No way Tommy Hodson was getting knocked off the wall. Not by “Bad Boy” Isaiah Thomas. Not by anyone. Despite my pushy friend's hard sell, I wasn't going to budge. I was a Bulls fan, anyway—plus, he wanted a Hamilton for the poster of the famous Detroit Piston, and—well, 10 bucks was a lot of money to come by in elementary school.
This was 1988, and I still wasn't exactly sure what the Heisman trophy meant or if Hodson had actually won it. All I knew was I had my first real hero in purple and gold, and the “Hodson Heisman” poster was on my wall to stay.
A month later, I attended the first LSU football game that I can remember. We sat in the nosebleeds, just Dad and me, huddled close and looking down from the edge of the night sky on a field glowing with the sights and sounds of Tiger pride.
Is absolutely everyone in the city cheering beside me? I thought.
The bright lights, the ripple of Dan Borne's announcements echoing through the loudspeakers, the too-steep ascent to our upper deck seats—everything about that game felt huge.
Except for the score.
Clawing through a bag of peanuts, I was waiting, and waiting, and waiting for a Tiger touchdown. Hours went by. Empty shells cracked under my sneakers with every tackle and snap of the ball.
What's happening? I kept asking Dad.
And then, something happened.
Hodson found Eddie Fuller in the back of the end zone for a score, baptizing me in the mighty roar of a Tiger Stadium gone berserk.
LSU defeated Auburn 7-6.
A few days later, I heard at school that a scientist had detected a very small earthquake after that touchdown.
Wow, I thought. Hodson throws touchdowns, and the earth moves.
Editing this issue and Lee Feinswog's Zach Mettenberger cover story got me thinking about Hodson, who was just 19 years old in 1986 when he threw 19 touchdowns and led the Tigers to their first SEC title in 16 years.
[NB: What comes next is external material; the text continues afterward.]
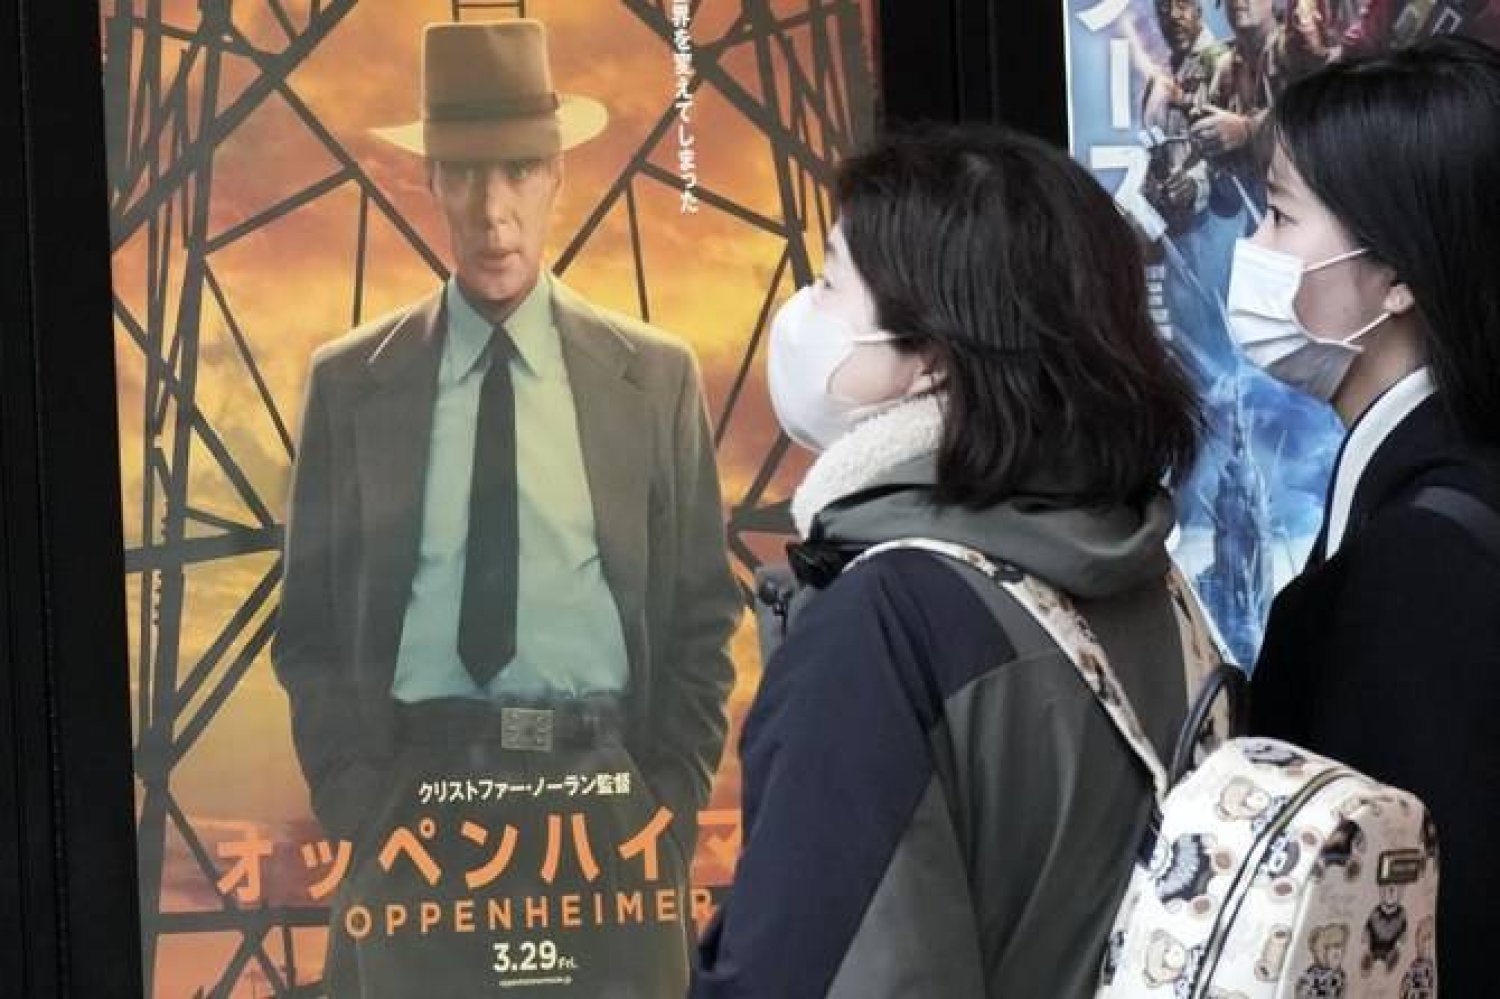 “Oppenheimer” has finally opened in the nation where two cities were obliterated by the nuclear weapons invented by the American scientist at the center of the film Japanese filmgoers’ reactions understandably were mixed and highly emotional. (AP)

Can “Mett,” our latest young gun, do the same?
A few years after the “Earthquake Game,” my family moved to a new house a couple blocks away. I can't remember why, but the “Hodson Heisman” poster didn't make the trip.
Maybe it was lost, or maybe Michael Jordan swiped Hodson's spot in my expanding sports star pantheon. It was about this time I realized Hodson didn't win the Heisman, either. Andre Ware did.
Posters can be lost, and someone else can be handed a trophy, but there are often things more valuable that cannot be put away or handed to someone else; things like watching Tiger football with your father or seeing your children grow up. Hodson has two now.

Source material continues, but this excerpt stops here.